Un estudio de la Fundación VI-DA revela profundas brechas en el acceso, acompañamiento y equidad del sistema de salud para quienes enfrentan cánceres hematológicos. La mayoría recibe diagnósticos inesperados, desconoce sus coberturas y percibe una falta de políticas públicas efectivas.
El cáncer hematológico no solo desafía al cuerpo: también pone a prueba la capacidad del sistema de salud chileno. Un nuevo estudio elaborado por la consultora INSITU en colaboración con la Fundación VI-DA revela que las personas diagnosticadas con esta enfermedad enfrentan un proceso marcado por la desigualdad territorial y socioeconómica, la falta de información clara, el escaso acompañamiento emocional y la percepción de abandono institucional.
La encuesta, desarrollada en el marco del programa “Chile Unido frente al Cáncer Hematológico”, busca identificar necesidades, barreras y oportunidades de mejora en el manejo integral de la enfermedad. El objetivo general del programa es promover una atención más equitativa, humana y efectiva, fortaleciendo la calidad médica, el apoyo emocional y la inclusión de la voz de los pacientes en la toma de decisiones y políticas públicas.
Diagnósticos inesperados y desinformación
Según el estudio, para un 74% de las personas el diagnóstico de cáncer hematológico llegó de forma sorpresiva. Cuatro de cada diez lo recibieron durante una atención de urgencia —mayoritariamente por un médico general— y uno de cada cinco pacientes (21%) no tuvo claridad sobre los pasos a seguir tras recibir el diagnóstico. Esta sensación de incertidumbre se intensifica en zonas rurales (38%) y en personas afiliadas a Dipreca o las Fuerzas Armadas (69%).
“La falta de información oportuna y de acompañamiento en el momento del diagnóstico genera miedo, desorganiza la vida cotidiana y produce un gran impacto emocional en las familias”, explica desde la Fundación VI-DA una de las investigadoras del proyecto.

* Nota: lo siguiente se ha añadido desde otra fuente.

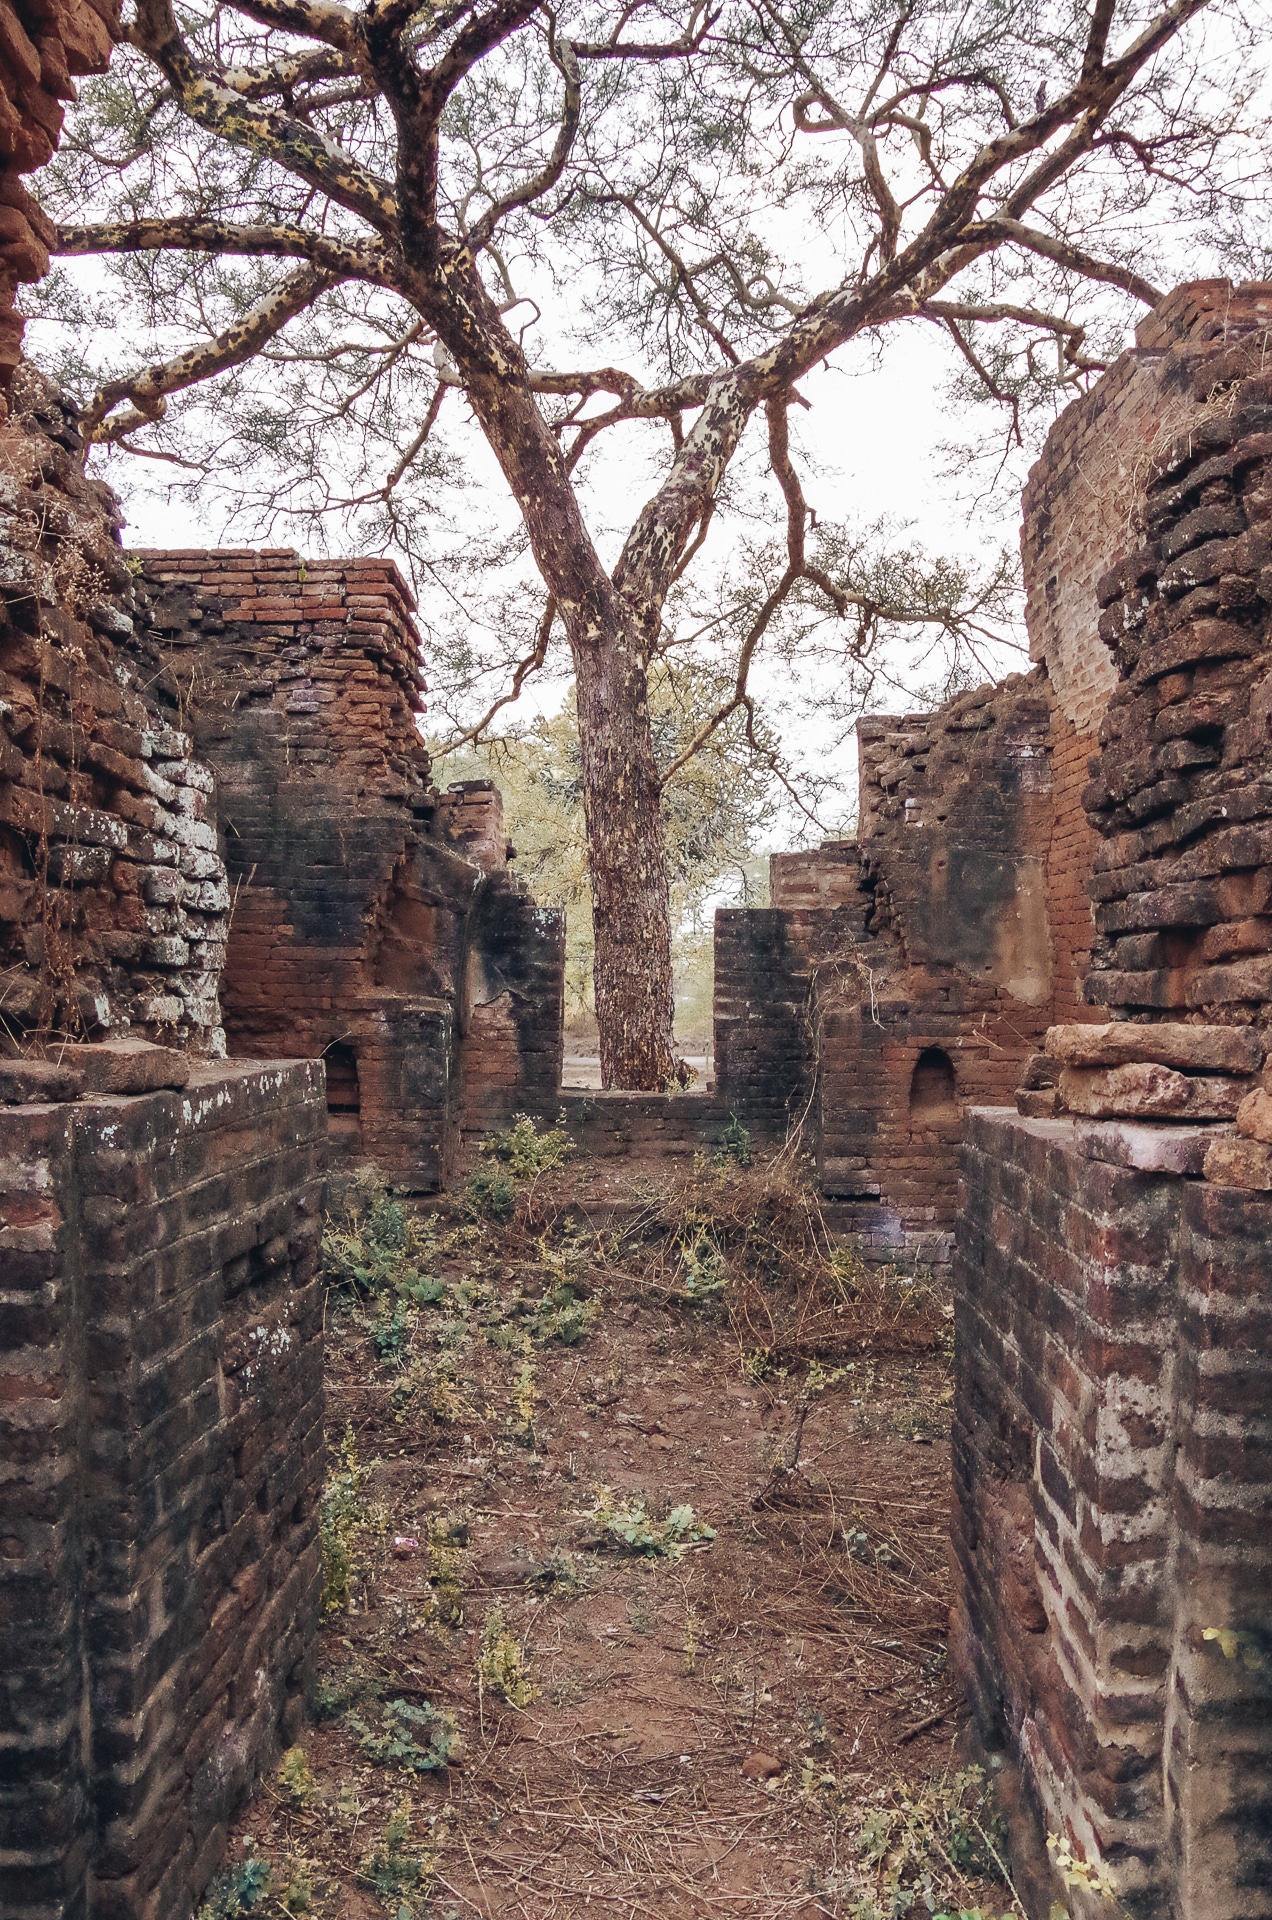 végétation au milieu de temples en ruine au Myanmar à Bagan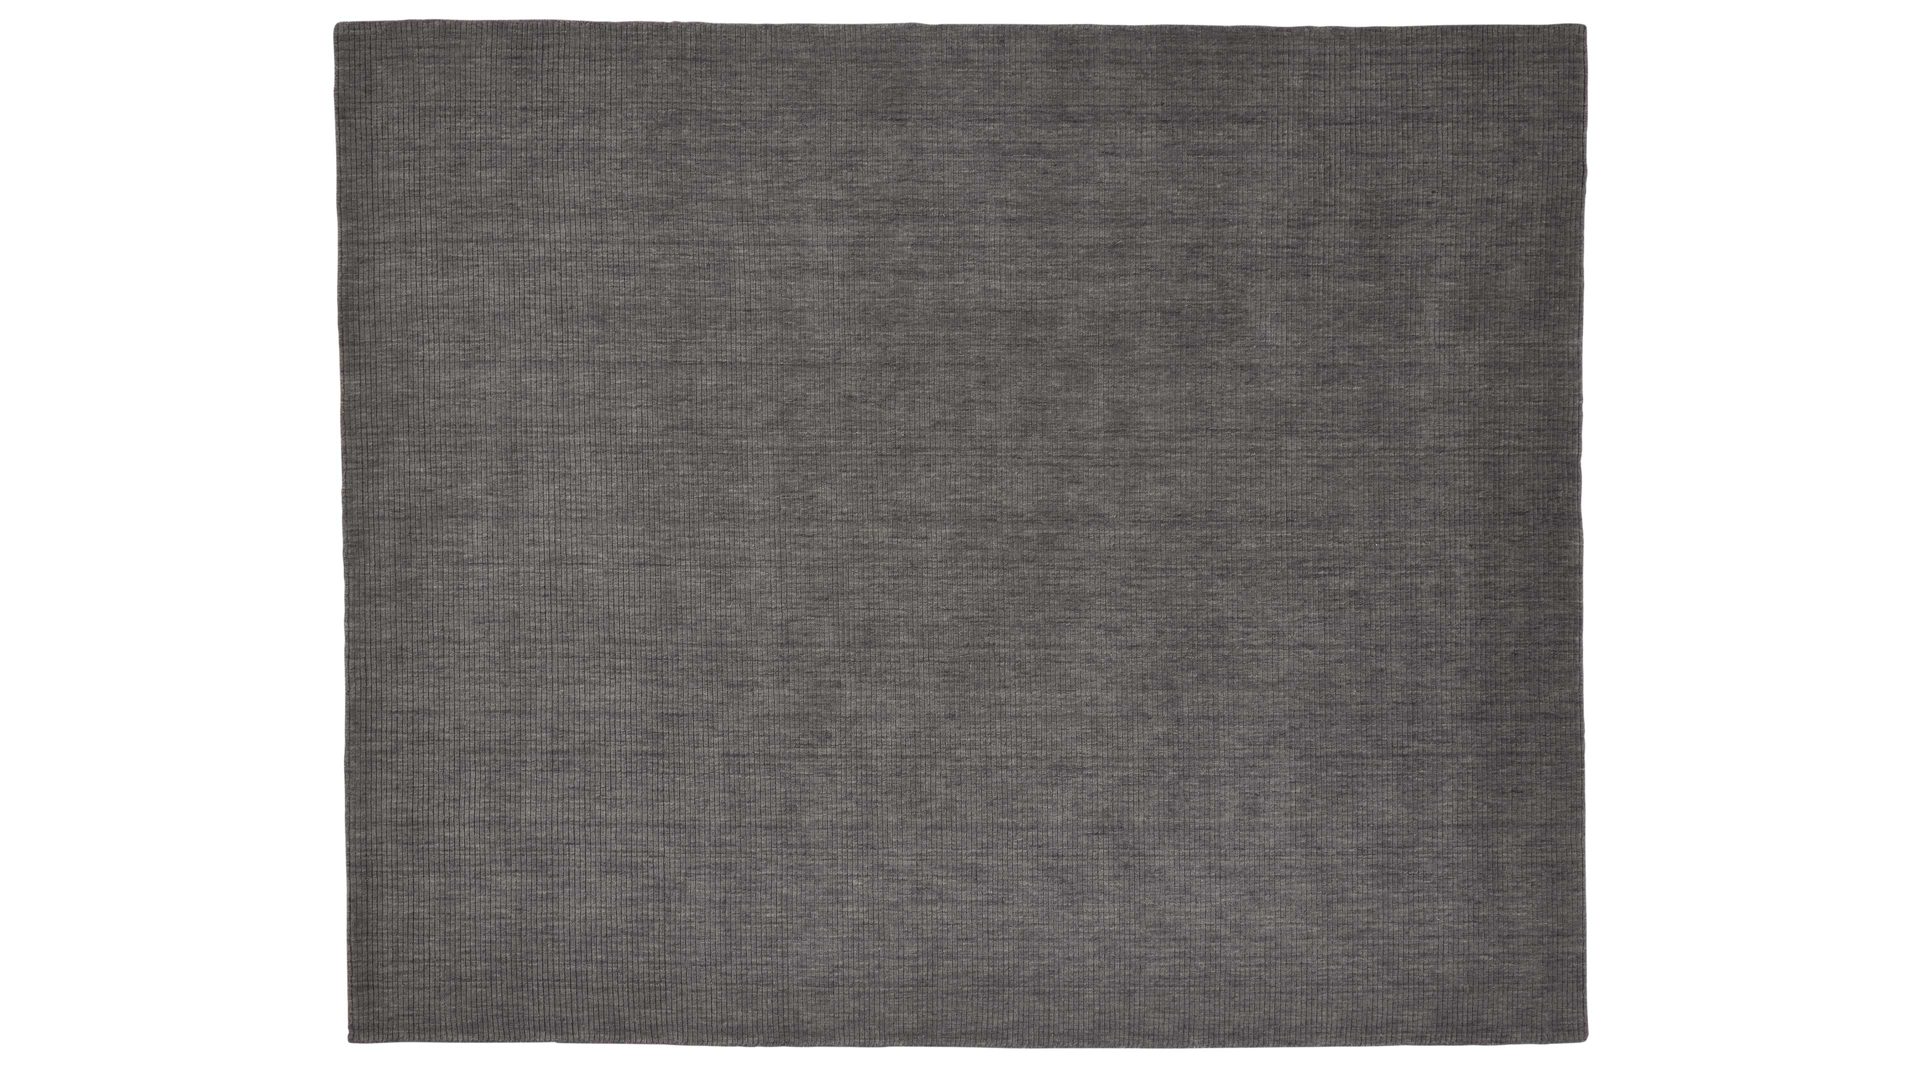 Handwebteppich Interliving aus Naturfaser in Grau Interliving Teppich Serie R-8120 Grau - ca. 250 x 300 cm

Brechas en cobertura y desigualdad territorial
En materia de acceso, el estudio evidencia importantes diferencias entre regiones y sistemas de salud. Si bien el 85% de los pacientes declara tener cobertura GES, existe un alto nivel de desconocimiento sobre la cobertura DAC (Drogas Oncológicas de Alto Costo): más de un cuarto de los encuestados no sabe si la posee.
Esta falta de información, advierte el informe, “intensifica la incertidumbre emocional que acompaña el diagnóstico y dificulta la toma de decisiones sobre el tratamiento”.
La desigualdad territorial también se hace evidente. Más de la mitad de las personas de las zonas norte (55%) y sur (53%) del país señalan que los exámenes solicitados no estaban disponibles en su región, obligándolas a trasladarse largas distancias para continuar sus tratamientos. Las mayores dificultades se concentran en la etapa pre-diagnóstico (37%) y en el tratamiento (27%), lo que refleja falencias tanto en la detección temprana como en la continuidad de la atención médica.
Entre la resiliencia y la sensación de abandono
Las demoras en los diagnósticos, la falta de cobertura integral, los trámites administrativos y la ausencia de subsidios o apoyos estatales generan una profunda sensación de desprotección, especialmente entre quienes dependen del sistema público.
El 37% de los encuestados considera que las políticas actuales sobre cáncer “responden poco o nada” a las necesidades reales de los pacientes. Sin embargo, siete de cada diez creen que podrían aportar con su experiencia a mejorar el sistema de salud, lo que demuestra la disposición de los pacientes a involucrarse activamente en el cambio.
El estudio también pone de relieve el rol crucial del acompañamiento emocional. “Los pacientes no buscan lástima, sino contención y normalidad”, señala el informe. “Un entorno basado en el afecto, el respeto y la dignidad les permite mantener el control y mejorar su bienestar durante el proceso oncológico”.
Un llamado a la acción
Desde la Fundación VI-DA subrayan que los resultados del estudio deben servir como base para avanzar hacia un modelo de atención integral, que combine excelencia médica, apoyo psicológico e información transparente, reduciendo las brechas de acceso y las desigualdades regionales.
“Chile necesita una política pública más inclusiva y participativa en torno al cáncer hematológico. Escuchar la voz de los pacientes y de sus familias es clave para construir un sistema más justo y humano”, Jorge Fernández Sarpi, Director Ejecutivo, Fundación VI-DA.